College Bound: How Parents Can Handle the Next Step in Their Teen’s Educational Journey

You watch with a mixture of pride and a touch of sadness, as your eldest child walks across the stage to accept their diploma. You begin to think: How did we get here so fast? I remember their first day of kindergarten like it was yesterday. It’s taken 18 years to arrive at this moment and the moment has finally arrived; you officially have a high school graduate. As this chapter in their educational journey closes, a new one opens.

The past several months may have been filled with college visits and tours, discussions about possible majors, applications, essays and the dreaded waiting period to see if your graduate got accepted to their preferred college and maybe some disappointment around not getting into their college of choice. As a parent, you may find yourself in unfamiliar territory; you are the parent of a college student. You may be feeling a mixture of sadness, excitement, pride, nerves and worry. How will they handle living away from home? Will they adjust to such a large transition? Can they manage all the independence that college brings? How will they handle the demand of their classes?

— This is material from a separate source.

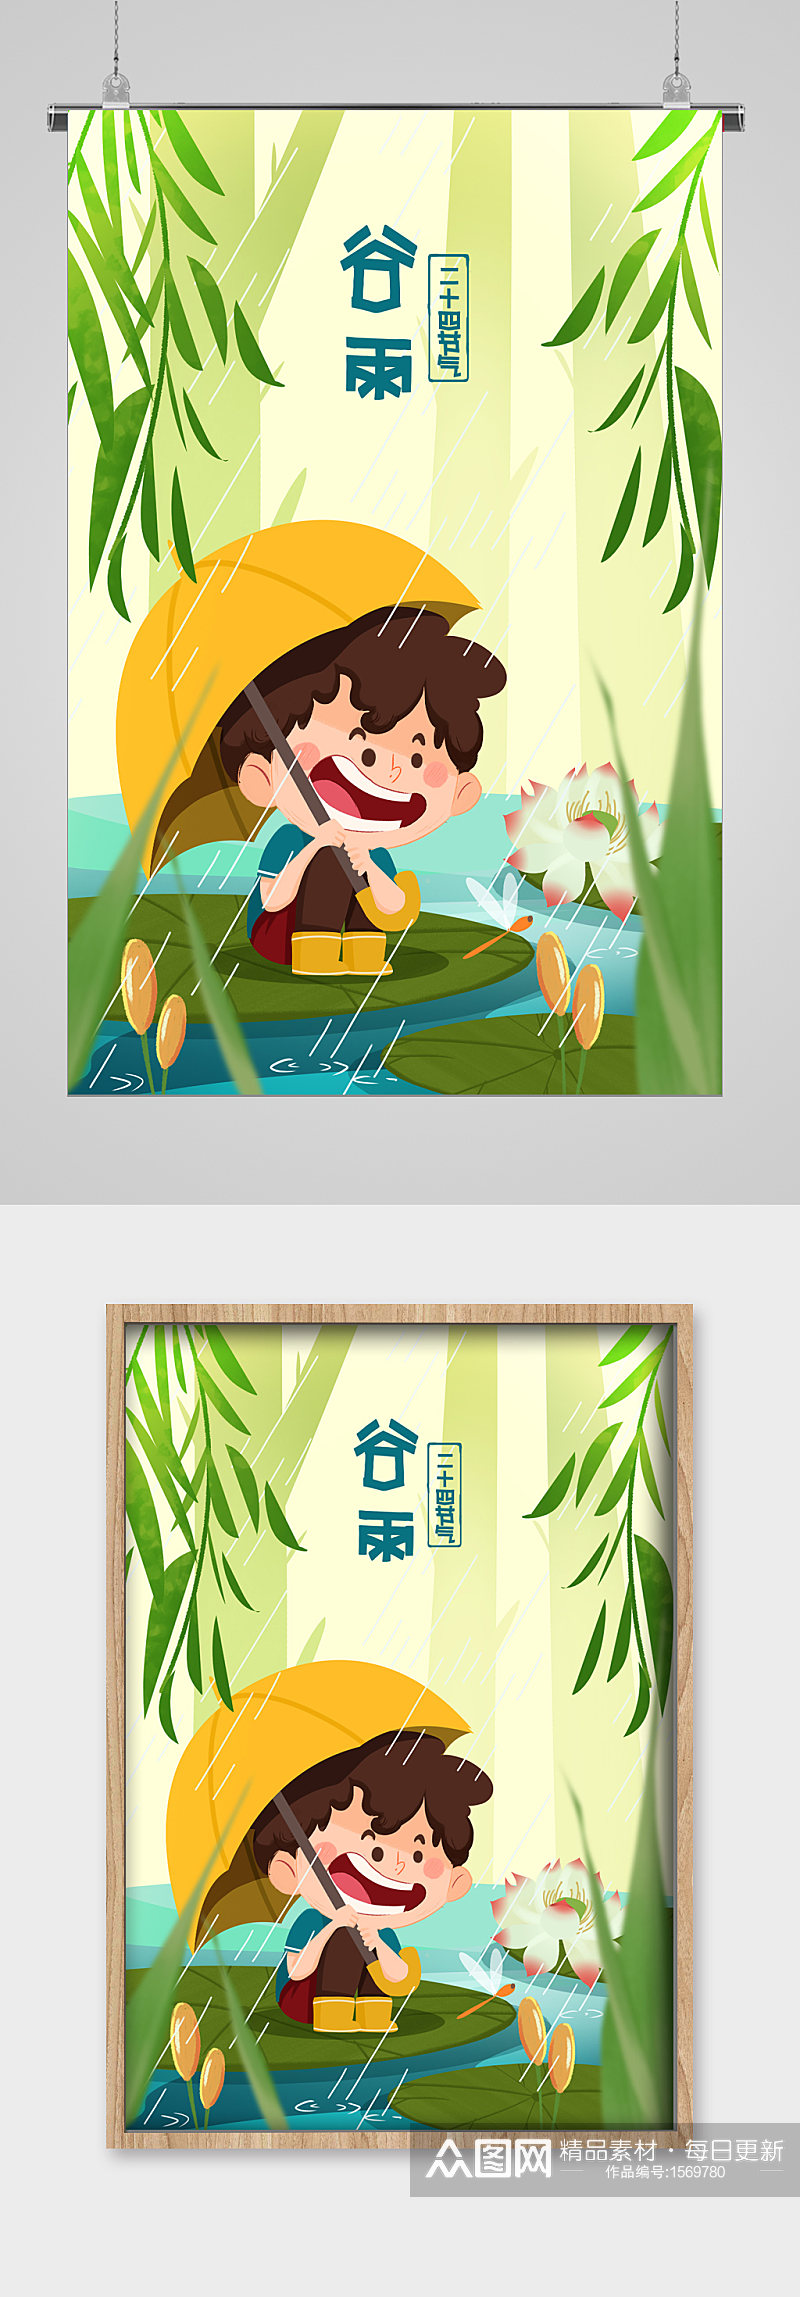 池塘旁的小男孩谷雨宣传插画素材

Stop. Take a deep breath. Remind yourself that you are not alone in your worry and concern. Many, if not all parents experience similar worry when their teen goes off to college. College is not just a transition for your teen, but for you as a parent as well. While your teen may have opted to go away for college, you can continue to be connected despite the distance. They will still need your support, encouragement and wisdom.

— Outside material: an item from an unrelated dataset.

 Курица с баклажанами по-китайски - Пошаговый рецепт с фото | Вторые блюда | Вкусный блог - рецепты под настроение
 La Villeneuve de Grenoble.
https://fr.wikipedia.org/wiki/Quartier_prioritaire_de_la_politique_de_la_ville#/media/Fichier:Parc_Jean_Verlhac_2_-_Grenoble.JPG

One way to maintain that connection is to set up weekly phone or Face Time calls with your teen to see how they are settling in, how classes are going, and to just hear about how college life is treating them thus far. Sometimes the sound of a familiar voice can quell any homesickness your teen may be experiencing (but never admit to).

Take a road trip! Many colleges have parent weekends that are scheduled in advance where families are invited to come and visit their teen. If your teen attends a college within reasonable driving distance, get out your calendar and mark this weekend ahead of time. You can spend time at a college football game, having your teen give you a tour of campus or going out to dinner together. No matter what you do, your teen will appreciate the time and effort you put into the visit.

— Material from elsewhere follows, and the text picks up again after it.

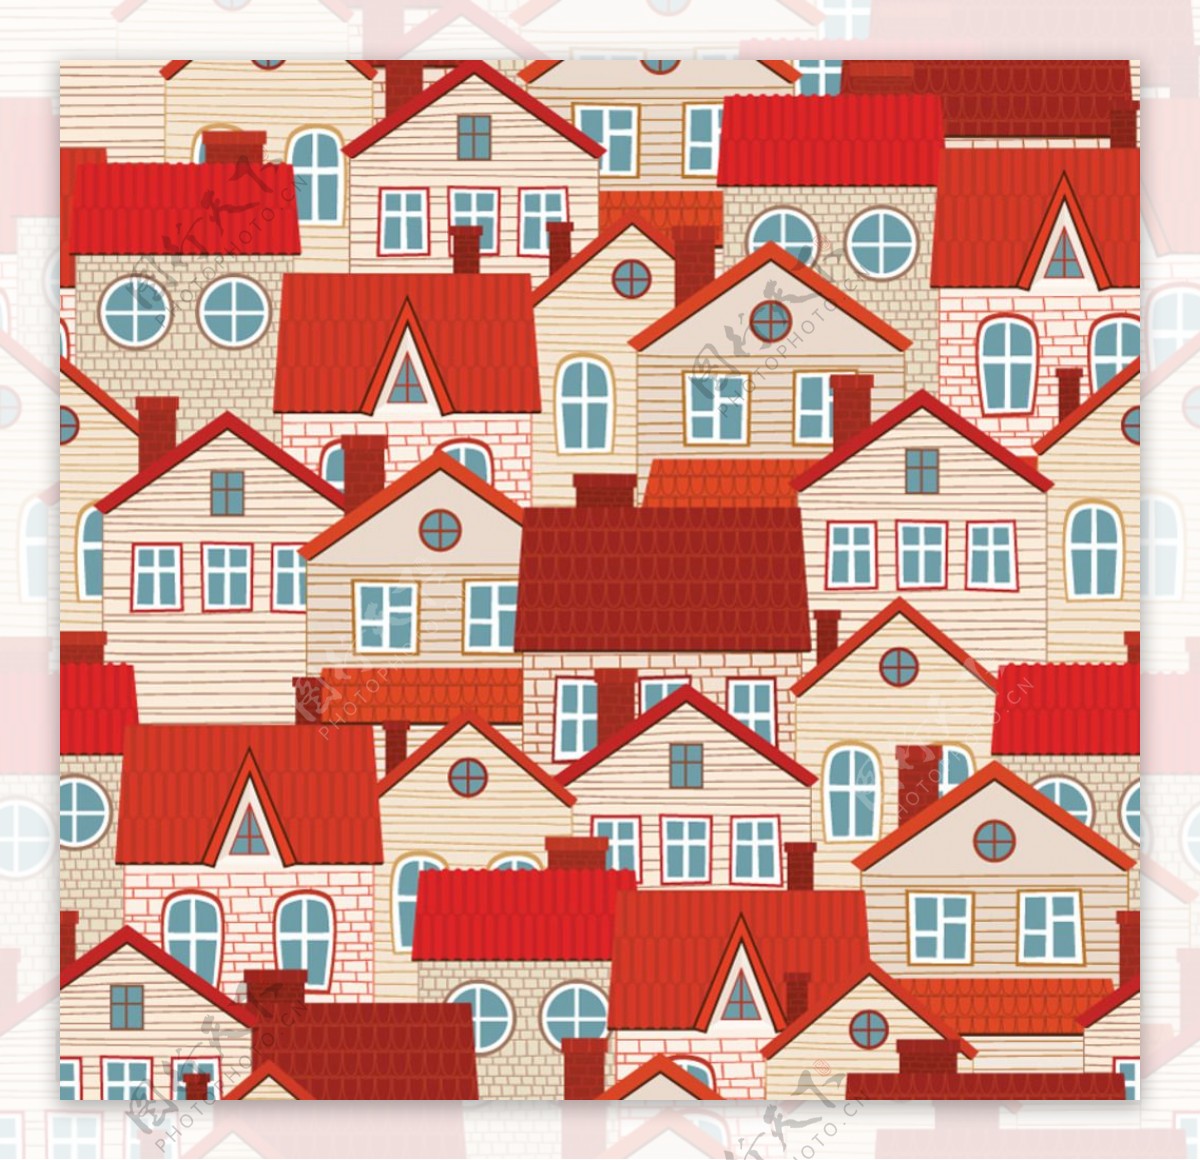 红色屋顶房屋背景矢量素材

Watching your teen head off to college can be a moment filled with many emotions. Rest assured you are not alone; your teen is most likely feeling similar. College is a time that is filled with much excitement and anticipation, but perhaps also anxiety, sadness and worry. Remember that no matter how old our children get, they will always need us to be there to listen, support, encourage and guide.

Your teen may call you to tell you how hard college is, how they are finding it difficult to meet people or how much they miss you and you’ll be there. Just like you always have.